A MOVIE, Bruce CONNER
1958 / 16 mm transféré en numérique / n&b / son / 12' 00
« A Movie (1958) de Bruce Conner est un condensé de cinéma articulant chutes de documents visuels, images trouvées dans les séries B, les films d'actualité et de soft-porn. L'ensemble est monté sans narration linéaire, explosion thermonucléaire, couronnement du pape, pendaison de Mussolini à un croc de boucher... C'est un genre de jeux visuels comme on peut parler de jeux de mots.

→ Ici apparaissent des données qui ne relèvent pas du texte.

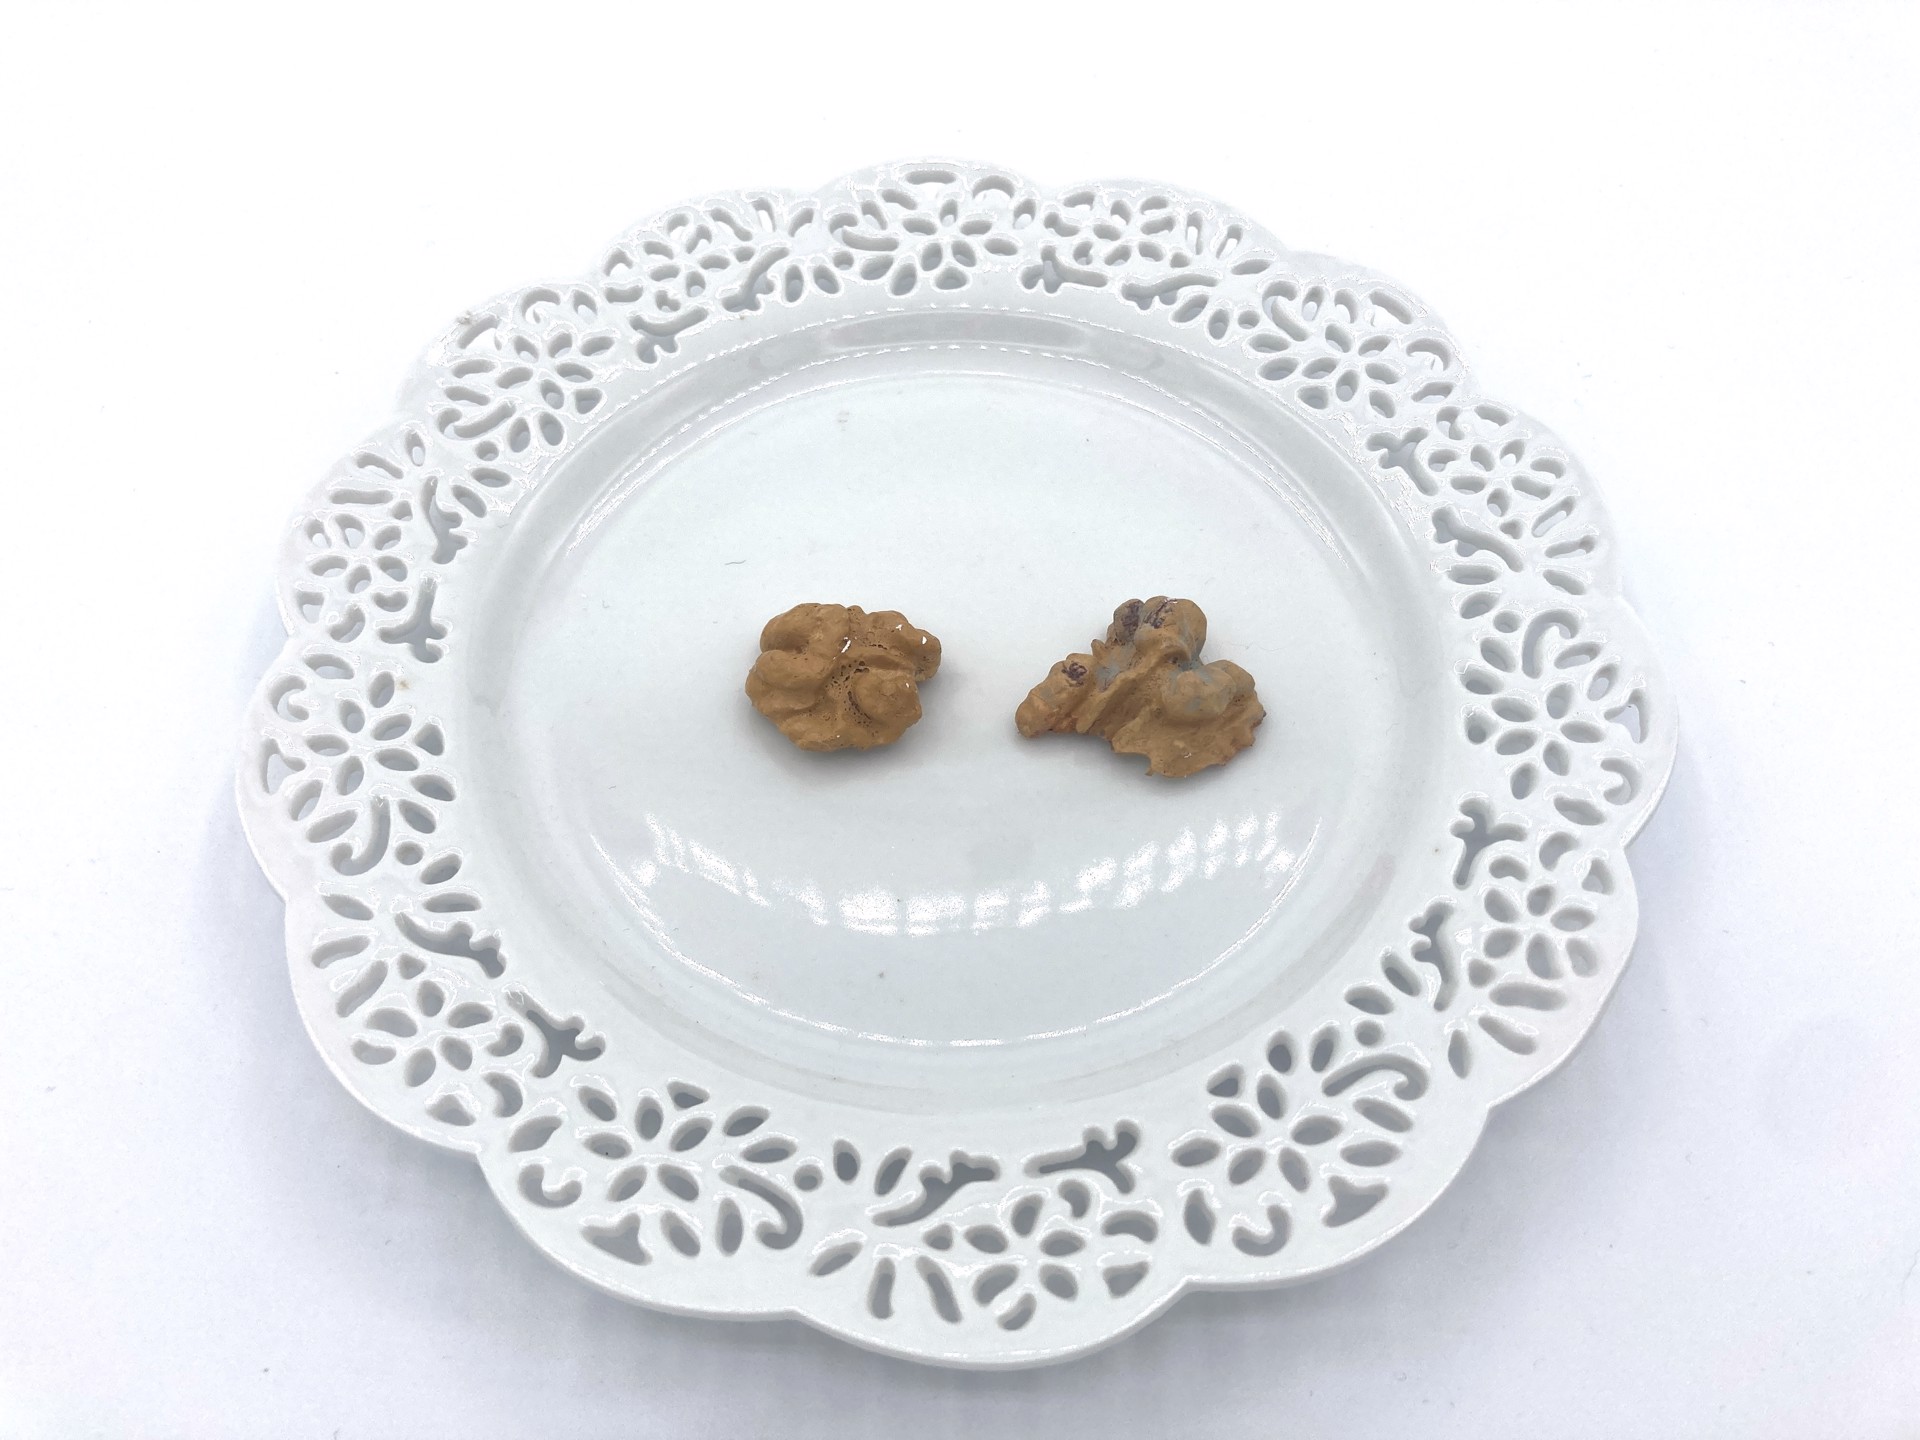 Walnuts (individual) by Henri Gadbois Ceramics

Très représentatif de la technique du found footage, Bruce Conner a marqué l'histoire du film aussi pour son utilisation de la musique et son rythme de montage. »

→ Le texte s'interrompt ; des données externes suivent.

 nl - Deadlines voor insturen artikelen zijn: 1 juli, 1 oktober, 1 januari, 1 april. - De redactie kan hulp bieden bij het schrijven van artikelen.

SCIENCE FRICTION, Stan VANDERBEEK
1959 / 16mm / couleur / sonore / 10' 00
Ce film d’animations, constituées de découpages d'illustrations tirées de magazines, est une « satire sociale contre les fusées, les scientifiques et la manie de la compétition de notre époque. »
MOTHLIGHT, Stan BRAKHAGE
1963 / 16mm / couleur / silencieux / 4' 00
Des fragments de végétaux et d’insectes, assemblés à même la pellicule dans un minutieux collage, nous donnent à apprécier « ce qu'un papillon de nuit pourrait voir de sa naissance à sa mort si le noir était blanc et le blanc noir. »
TURN, TURN, TURN, de Jud YALKUT
1965-1966 / 16 mm / coul / son / 10' 00
Sur un collage sonore du collectif d’artistes multi-médias USCO, ce film diffuse une « alchimie cinétique des travaux de Nicolas Schöffer, Julio Le Parc, et Nam June Paik. Une forme d'exploration de la thèse de Marshall McLuhan : le medium est le message. »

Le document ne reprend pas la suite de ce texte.